Jack Lew’s first act once he becomes U.S. Treasury secretary will be to tell a lie.
On Day One as Timothy Geithner’s successor, Lew is bound to say “I support a strong dollar” to reassure markets that there will be no change in long-standing U.S. policy. Nothing could be further from the truth, though, as the yen trades at 2 1/2-year lows and the world considers a response to Japan’s blitz on money markets.
Get ready for the Currency Wars 2.0. In a world in which growth is harder to come by, policy making verges on becoming a zero-sum game. Officials in the U.S. and China were caught flatfooted by how quickly Japanese Prime Minister Shinzo Abe turned the tables in currency markets with a few vague pledges of change. Rest assured that some big responses are on the way.
“Japan has restarted the currency war by its open policy goal of a weaker yen, which has surprised everyone by its success,” says Simon Grose-Hodge, head of investment strategy for South Asia at LGT Group in Singapore. “No country wants to be priced out of an already challenging export environment.”
Take China’s incoming President Xi Jinping, who is walking into a positively treacherous situation in Beijing. He must act fast to rein in corruption, grapple with an unruly local media and tackle the pollution that obscures the sun and threatens public health. The last thing Xi needs is a plunge in exports as exchange rates move against him. The same goes for South Korean President-elect Park Geun Hye. Expect policy makers throughout Asia to act, too.

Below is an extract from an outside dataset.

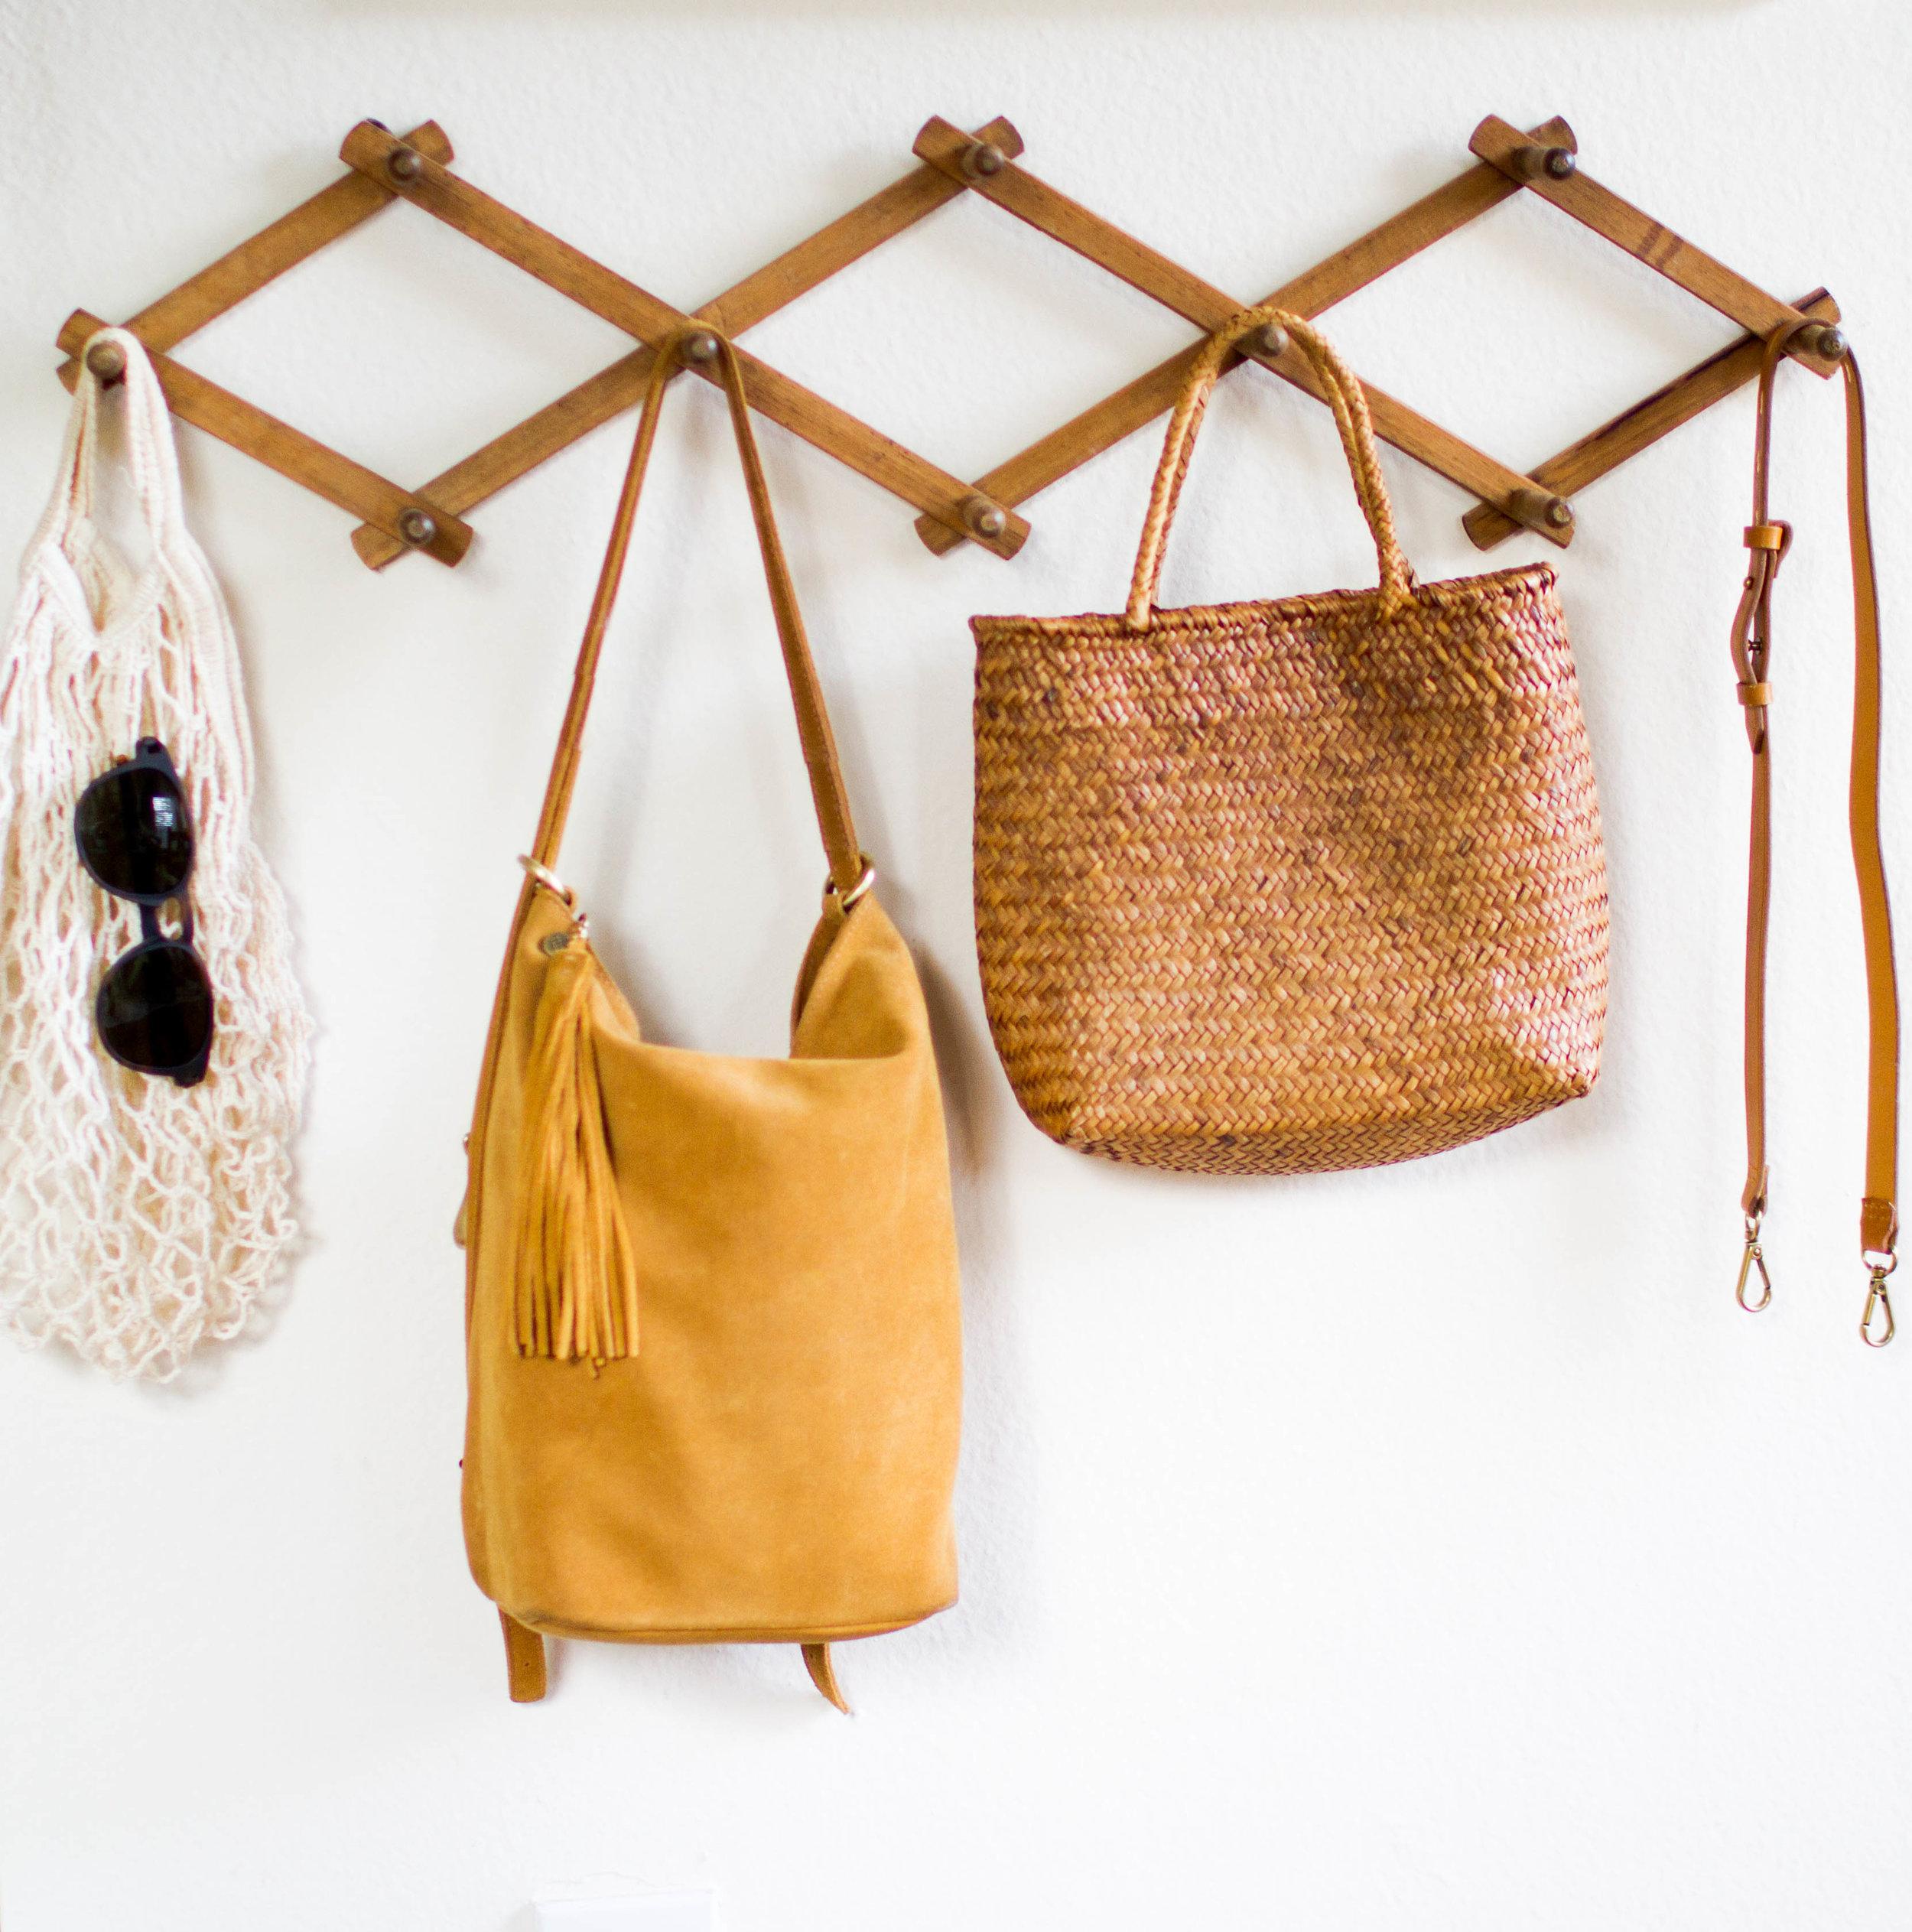 Shop Hobo Reversible Backpack  HERE    Shop $3 fish net bag  HERE   Shop similar straw bag  HERE   Shop Expandable rack  HERE

Benigno Aquino, the president of the Philippines, says his government may borrow dollars onshore to temper the peso’s strength. Thai Finance Minister Kittiratt Na-Ranong is getting an earful from exporters and says he’s reviewing policy changes. The sense of urgency is rising as Akira Amari, Japan’s economic minister, joins the Bank of Japan in a campaign to accelerate the yen’s decline.
European officials are none too happy, as evidenced by Luxembourg Prime Minister Jean-Claude Juncker calling the euro “dangerously high.” It’s a reminder of how bizarre the region’s crisis has been. Although Europe has endured a triumvirate of debacles -- debt, banking and politics -- the euro hasn’t been a source of trouble. That is, unless you consider how fallout from the yen might hurt exports. Swiss and Russian officials also are sounding the alarm.

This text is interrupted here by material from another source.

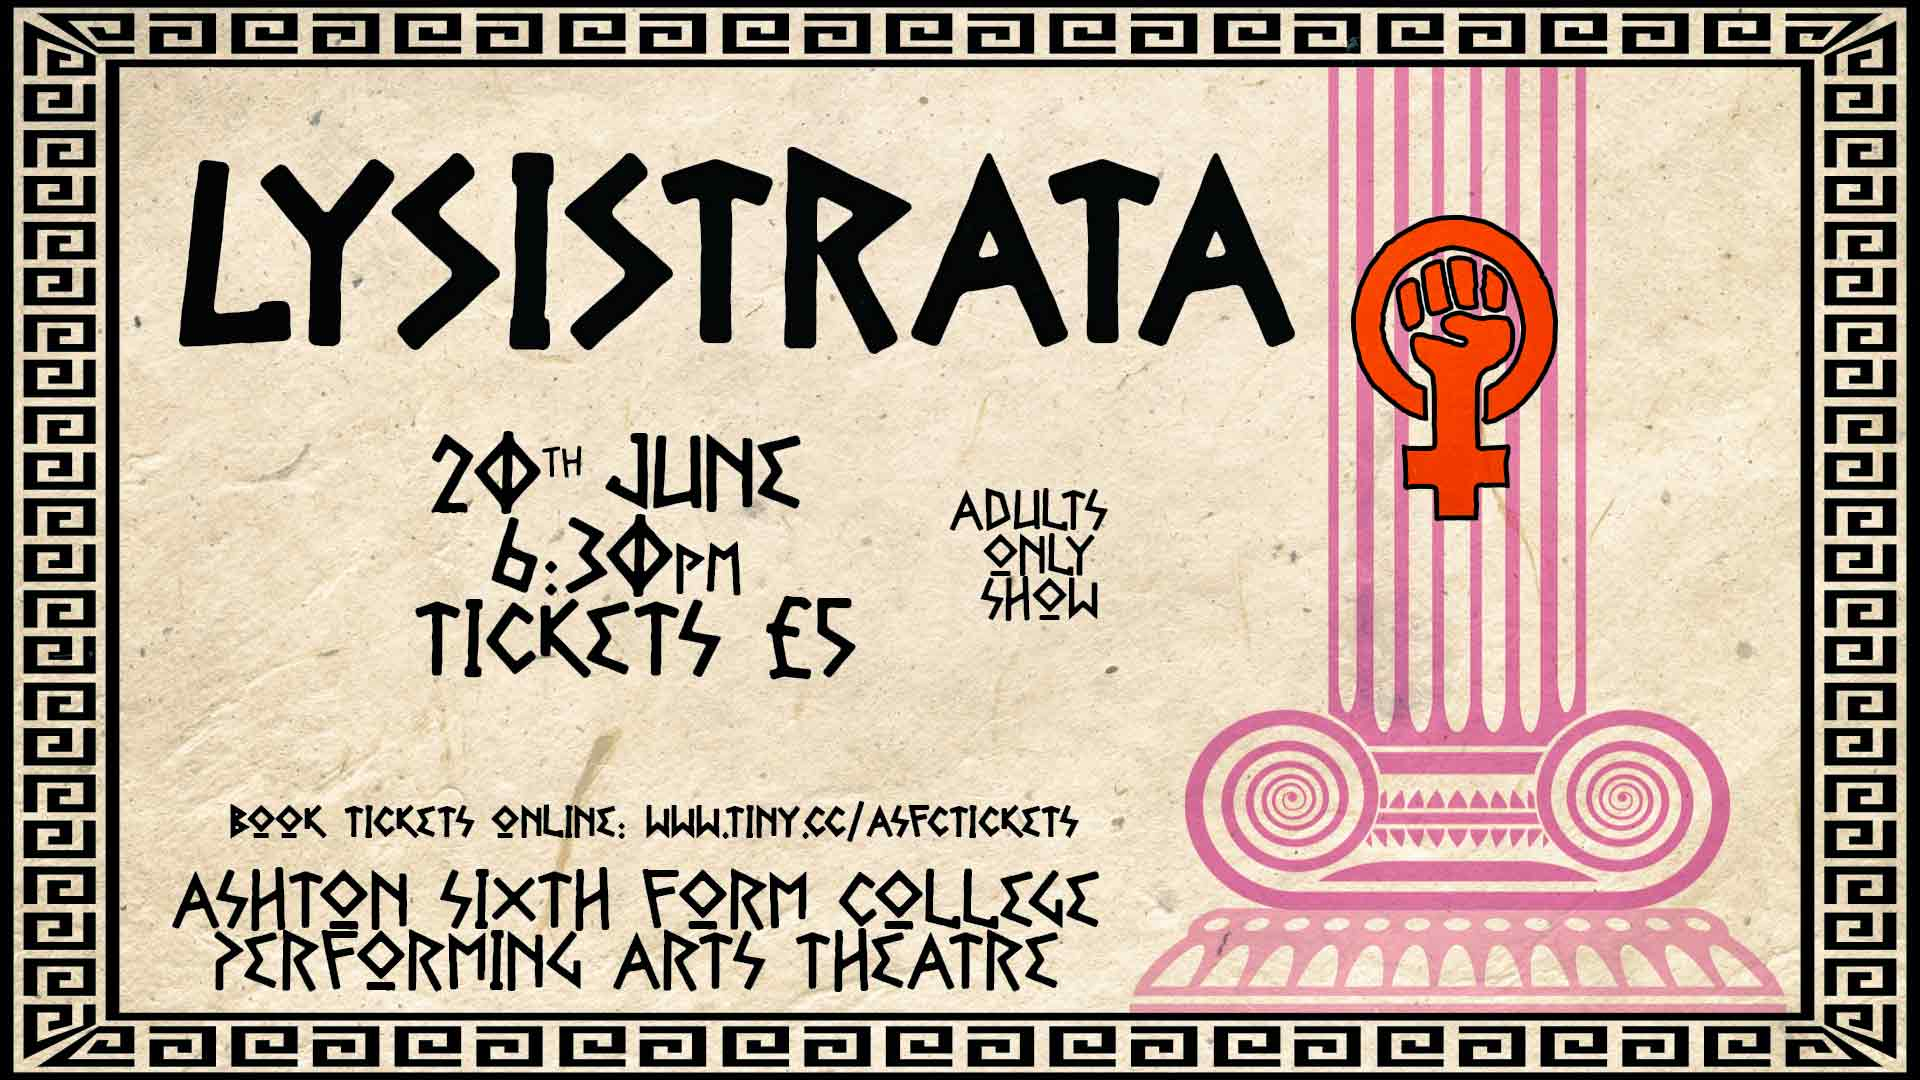 Lysistrata banner image

The U.S. is wary, as well. A key goal for President Barack Obama’s second term is to resurrect the nation’s manufacturing sector. Nothing would help that process more than a weaker dollar, and the Federal Reserve’s ever-expanding balance sheet may limit the currency’s gains.

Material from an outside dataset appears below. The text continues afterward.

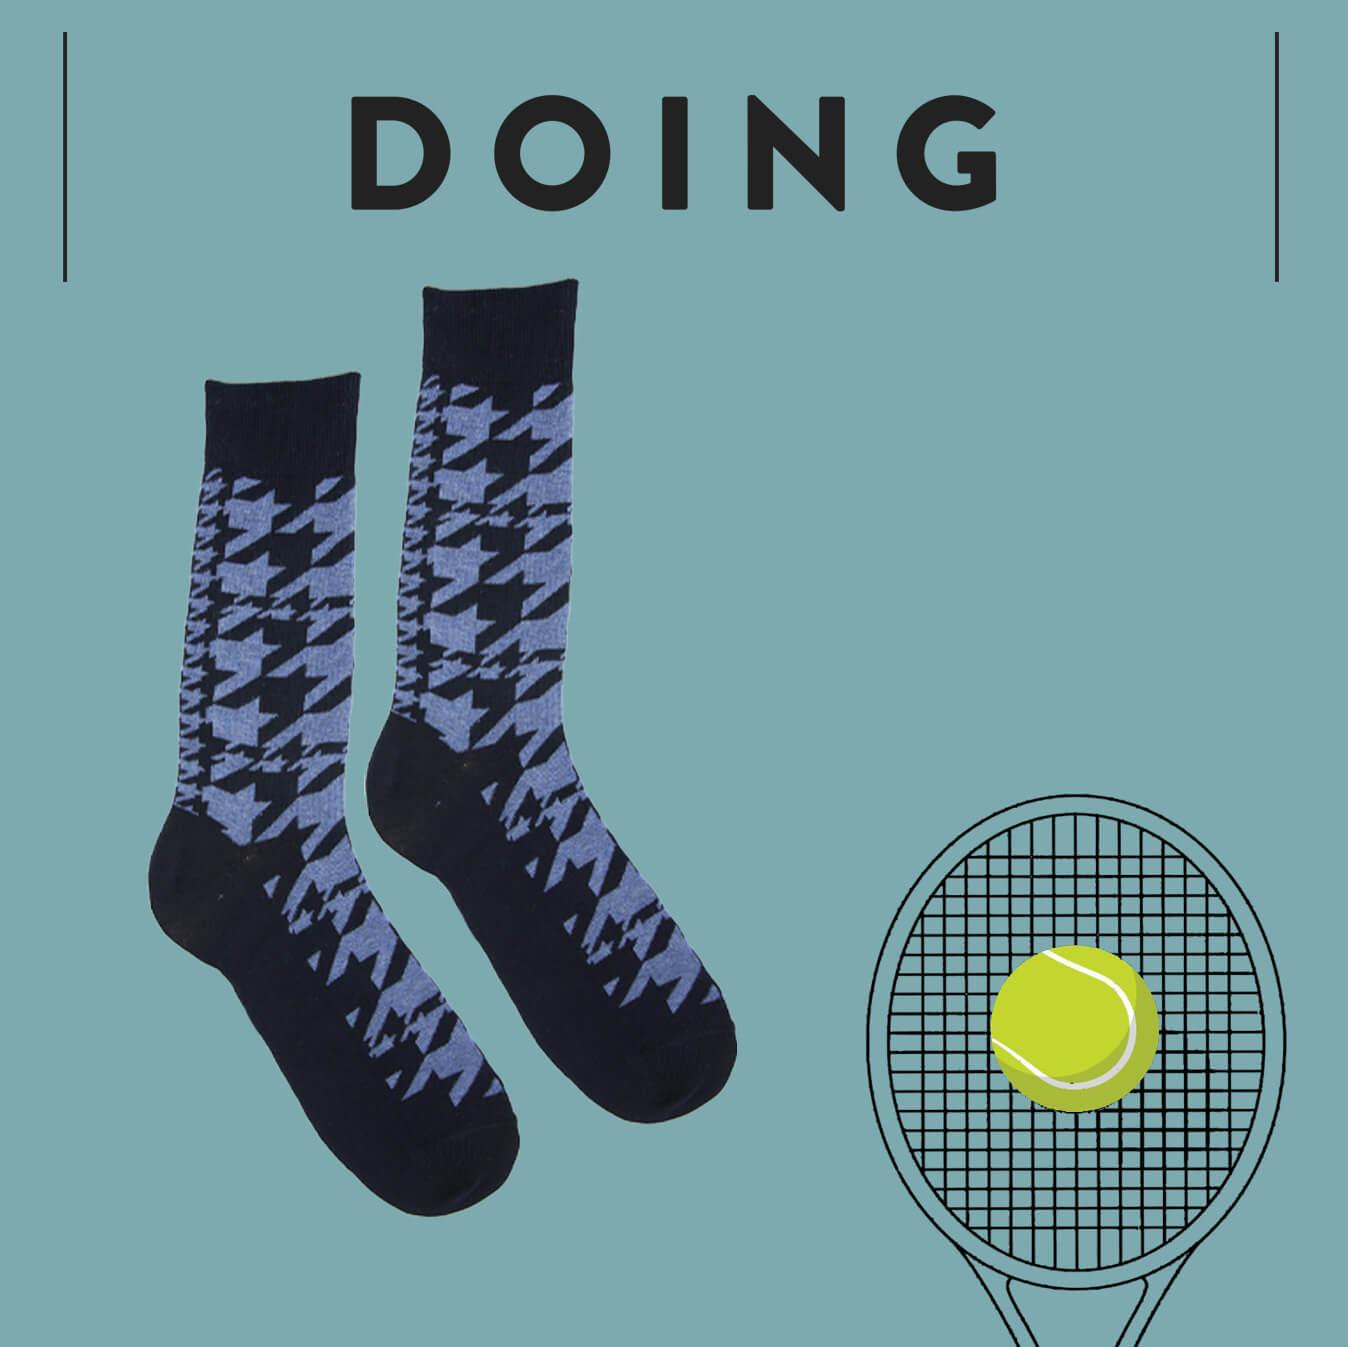 Distributore calze righe uomo - Doing

Japan can’t expect to sustain the yen’s decline for long unless the Group of Seven nations backs it. The strength of the Japanese currency, after all, was always more about the dollar and the euro being less appealing in relative terms than the yen. And now, as optimists seek Japanese assets amid hopes that Abe will end deflation, you have to figure that a yen rebound is inevitable.
That’s why traders are looking for a material change in Japanese policy. Will they get it? Buying more foreign debt might help, but the purchases would have to be huge to matter. Japan would need to add significantly to its $1.2 trillion stockpile of currency reserves, something officials in Tokyo may be reluctant to do. Abe could try his hand at capital controls, but that could unnerve markets and boost government-bond yields.
Abe has managed to change the calculus in global markets. Historians of past currency conflicts probably shouldn’t draw any lessons from the 15 months before March 2004, when Japan spent 35.2 trillion yen ($391 billion) -- more than Taiwan’s annual gross domestic product -- in a failed attempt to weaken the yen. Abe has been more effective without spending a single yen to intervene in markets. Hence concerns about the huge currency battles in store for 2013.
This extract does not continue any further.